▸ **DESCRIPTION OF THE TASK**: Every line of the records counts; transcribe each one exactly.

::: THE DATA

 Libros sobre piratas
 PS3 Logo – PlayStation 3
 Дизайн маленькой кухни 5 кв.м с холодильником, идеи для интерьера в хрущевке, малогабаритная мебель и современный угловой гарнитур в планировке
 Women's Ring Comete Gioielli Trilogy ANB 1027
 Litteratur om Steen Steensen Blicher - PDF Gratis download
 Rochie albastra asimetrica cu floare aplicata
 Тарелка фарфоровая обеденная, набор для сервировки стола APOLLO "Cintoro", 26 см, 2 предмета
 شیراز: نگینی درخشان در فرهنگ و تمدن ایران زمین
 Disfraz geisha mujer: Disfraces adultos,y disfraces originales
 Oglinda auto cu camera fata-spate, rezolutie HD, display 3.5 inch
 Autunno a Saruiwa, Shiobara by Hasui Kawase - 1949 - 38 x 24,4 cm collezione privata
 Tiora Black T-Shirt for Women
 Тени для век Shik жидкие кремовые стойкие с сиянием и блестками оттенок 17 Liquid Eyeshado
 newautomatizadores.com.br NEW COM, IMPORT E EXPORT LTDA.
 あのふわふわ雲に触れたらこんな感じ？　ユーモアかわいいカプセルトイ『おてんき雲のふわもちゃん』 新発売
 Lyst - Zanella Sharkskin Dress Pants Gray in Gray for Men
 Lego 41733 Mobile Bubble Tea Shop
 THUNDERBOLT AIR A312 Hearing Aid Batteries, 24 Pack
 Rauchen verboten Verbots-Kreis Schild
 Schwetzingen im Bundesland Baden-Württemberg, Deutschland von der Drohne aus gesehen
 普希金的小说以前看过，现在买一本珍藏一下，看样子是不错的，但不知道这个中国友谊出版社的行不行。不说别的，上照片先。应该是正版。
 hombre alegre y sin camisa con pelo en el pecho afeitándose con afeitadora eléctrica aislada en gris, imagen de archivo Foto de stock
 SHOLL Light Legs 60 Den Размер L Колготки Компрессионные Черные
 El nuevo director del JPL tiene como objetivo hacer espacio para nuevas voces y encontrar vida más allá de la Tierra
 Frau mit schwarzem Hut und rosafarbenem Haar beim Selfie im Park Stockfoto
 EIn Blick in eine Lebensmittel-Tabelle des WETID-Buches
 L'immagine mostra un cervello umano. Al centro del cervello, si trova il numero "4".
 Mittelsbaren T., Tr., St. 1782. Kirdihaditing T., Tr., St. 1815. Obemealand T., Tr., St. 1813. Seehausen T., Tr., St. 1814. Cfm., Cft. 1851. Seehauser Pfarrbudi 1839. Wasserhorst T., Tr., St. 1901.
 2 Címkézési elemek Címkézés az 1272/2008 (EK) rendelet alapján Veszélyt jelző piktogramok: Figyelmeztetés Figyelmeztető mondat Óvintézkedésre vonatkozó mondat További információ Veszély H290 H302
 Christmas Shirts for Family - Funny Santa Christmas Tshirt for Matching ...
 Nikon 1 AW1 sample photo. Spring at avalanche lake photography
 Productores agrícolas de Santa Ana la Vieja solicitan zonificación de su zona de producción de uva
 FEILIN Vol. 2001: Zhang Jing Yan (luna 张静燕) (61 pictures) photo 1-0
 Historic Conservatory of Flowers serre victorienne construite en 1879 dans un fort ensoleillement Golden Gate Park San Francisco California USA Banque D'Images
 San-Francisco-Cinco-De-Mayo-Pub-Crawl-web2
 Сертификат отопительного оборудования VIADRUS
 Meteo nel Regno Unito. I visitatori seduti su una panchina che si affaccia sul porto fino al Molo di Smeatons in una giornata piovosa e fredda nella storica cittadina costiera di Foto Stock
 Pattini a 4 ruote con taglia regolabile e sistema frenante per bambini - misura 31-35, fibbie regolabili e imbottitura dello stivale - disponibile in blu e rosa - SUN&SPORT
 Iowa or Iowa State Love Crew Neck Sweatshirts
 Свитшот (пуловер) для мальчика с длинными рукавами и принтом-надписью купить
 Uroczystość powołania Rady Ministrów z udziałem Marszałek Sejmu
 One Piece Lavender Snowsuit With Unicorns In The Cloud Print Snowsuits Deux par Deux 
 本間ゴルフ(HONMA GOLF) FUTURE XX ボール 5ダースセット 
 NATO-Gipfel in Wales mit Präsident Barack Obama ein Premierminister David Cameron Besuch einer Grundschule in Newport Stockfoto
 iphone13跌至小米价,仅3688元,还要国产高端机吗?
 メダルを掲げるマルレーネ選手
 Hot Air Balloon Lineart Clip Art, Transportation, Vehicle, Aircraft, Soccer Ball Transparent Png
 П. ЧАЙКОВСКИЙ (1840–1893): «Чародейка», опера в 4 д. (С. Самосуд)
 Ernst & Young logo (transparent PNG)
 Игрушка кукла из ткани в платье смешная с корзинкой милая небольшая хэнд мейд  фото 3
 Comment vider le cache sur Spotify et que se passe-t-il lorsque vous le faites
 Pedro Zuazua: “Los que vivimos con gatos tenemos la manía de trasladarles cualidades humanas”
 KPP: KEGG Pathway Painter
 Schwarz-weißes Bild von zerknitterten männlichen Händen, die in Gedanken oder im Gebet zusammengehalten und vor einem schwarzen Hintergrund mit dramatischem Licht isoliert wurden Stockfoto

::::::

▸ **EXERCISE OUTPUT**:
 Libros sobre piratas
 PS3 Logo – PlayStation 3
 Дизайн маленькой кухни 5 кв.м с холодильником, идеи для интерьера в хрущевке, малогабаритная мебель и современный угловой гарнитур в планировке
 Women's Ring Comete Gioielli Trilogy ANB 1027
 Litteratur om Steen Steensen Blicher - PDF Gratis download
 Rochie albastra asimetrica cu floare aplicata
 Тарелка фарфоровая обеденная, набор для сервировки стола APOLLO "Cintoro", 26 см, 2 предмета
 شیراز: نگینی درخشان در فرهنگ و تمدن ایران زمین
 Disfraz geisha mujer: Disfraces adultos,y disfraces originales
 Oglinda auto cu camera fata-spate, rezolutie HD, display 3.5 inch
 Autunno a Saruiwa, Shiobara by Hasui Kawase - 1949 - 38 x 24,4 cm collezione privata
 Tiora Black T-Shirt for Women
 Тени для век Shik жидкие кремовые стойкие с сиянием и блестками оттенок 17 Liquid Eyeshado
 newautomatizadores.com.br NEW COM, IMPORT E EXPORT LTDA.
 あのふわふわ雲に触れたらこんな感じ？　ユーモアかわいいカプセルトイ『おてんき雲のふわもちゃん』 新発売
 Lyst - Zanella Sharkskin Dress Pants Gray in Gray for Men
 Lego 41733 Mobile Bubble Tea Shop
 THUNDERBOLT AIR A312 Hearing Aid Batteries, 24 Pack
 Rauchen verboten Verbots-Kreis Schild
 Schwetzingen im Bundesland Baden-Württemberg, Deutschland von der Drohne aus gesehen
 普希金的小说以前看过，现在买一本珍藏一下，看样子是不错的，但不知道这个中国友谊出版社的行不行。不说别的，上照片先。应该是正版。
 hombre alegre y sin camisa con pelo en el pecho afeitándose con afeitadora eléctrica aislada en gris, imagen de archivo Foto de stock
 SHOLL Light Legs 60 Den Размер L Колготки Компрессионные Черные
 El nuevo director del JPL tiene como objetivo hacer espacio para nuevas voces y encontrar vida más allá de la Tierra
 Frau mit schwarzem Hut und rosafarbenem Haar beim Selfie im Park Stockfoto
 EIn Blick in eine Lebensmittel-Tabelle des WETID-Buches
 L'immagine mostra un cervello umano. Al centro del cervello, si trova il numero "4".
 Mittelsbaren T., Tr., St. 1782. Kirdihaditing T., Tr., St. 1815. Obemealand T., Tr., St. 1813. Seehausen T., Tr., St. 1814. Cfm., Cft. 1851. Seehauser Pfarrbudi 1839. Wasserhorst T., Tr., St. 1901.
 2 Címkézési elemek Címkézés az 1272/2008 (EK) rendelet alapján Veszélyt jelző piktogramok: Figyelmeztetés Figyelmeztető mondat Óvintézkedésre vonatkozó mondat További információ Veszély H290 H302
 Christmas Shirts for Family - Funny Santa Christmas Tshirt for Matching ...
 Nikon 1 AW1 sample photo. Spring at avalanche lake photography
 Productores agrícolas de Santa Ana la Vieja solicitan zonificación de su zona de producción de uva
 FEILIN Vol. 2001: Zhang Jing Yan (luna 张静燕) (61 pictures) photo 1-0
 Historic Conservatory of Flowers serre victorienne construite en 1879 dans un fort ensoleillement Golden Gate Park San Francisco California USA Banque D'Images
 San-Francisco-Cinco-De-Mayo-Pub-Crawl-web2
 Сертификат отопительного оборудования VIADRUS
 Meteo nel Regno Unito. I visitatori seduti su una panchina che si affaccia sul porto fino al Molo di Smeatons in una giornata piovosa e fredda nella storica cittadina costiera di Foto Stock
 Pattini a 4 ruote con taglia regolabile e sistema frenante per bambini - misura 31-35, fibbie regolabili e imbottitura dello stivale - disponibile in blu e rosa - SUN&SPORT
 Iowa or Iowa State Love Crew Neck Sweatshirts
 Свитшот (пуловер) для мальчика с длинными рукавами и принтом-надписью купить
 Uroczystość powołania Rady Ministrów z udziałem Marszałek Sejmu
 One Piece Lavender Snowsuit With Unicorns In The Cloud Print Snowsuits Deux par Deux 
 本間ゴルフ(HONMA GOLF) FUTURE XX ボール 5ダースセット 
 NATO-Gipfel in Wales mit Präsident Barack Obama ein Premierminister David Cameron Besuch einer Grundschule in Newport Stockfoto
 iphone13跌至小米价,仅3688元,还要国产高端机吗?
 メダルを掲げるマルレーネ選手
 Hot Air Balloon Lineart Clip Art, Transportation, Vehicle, Aircraft, Soccer Ball Transparent Png
 П. ЧАЙКОВСКИЙ (1840–1893): «Чародейка», опера в 4 д. (С. Самосуд)
 Ernst & Young logo (transparent PNG)
 Игрушка кукла из ткани в платье смешная с корзинкой милая небольшая хэнд мейд  фото 3
 Comment vider le cache sur Spotify et que se passe-t-il lorsque vous le faites
 Pedro Zuazua: “Los que vivimos con gatos tenemos la manía de trasladarles cualidades humanas”
 KPP: KEGG Pathway Painter
 Schwarz-weißes Bild von zerknitterten männlichen Händen, die in Gedanken oder im Gebet zusammengehalten und vor einem schwarzen Hintergrund mit dramatischem Licht isoliert wurden Stockfoto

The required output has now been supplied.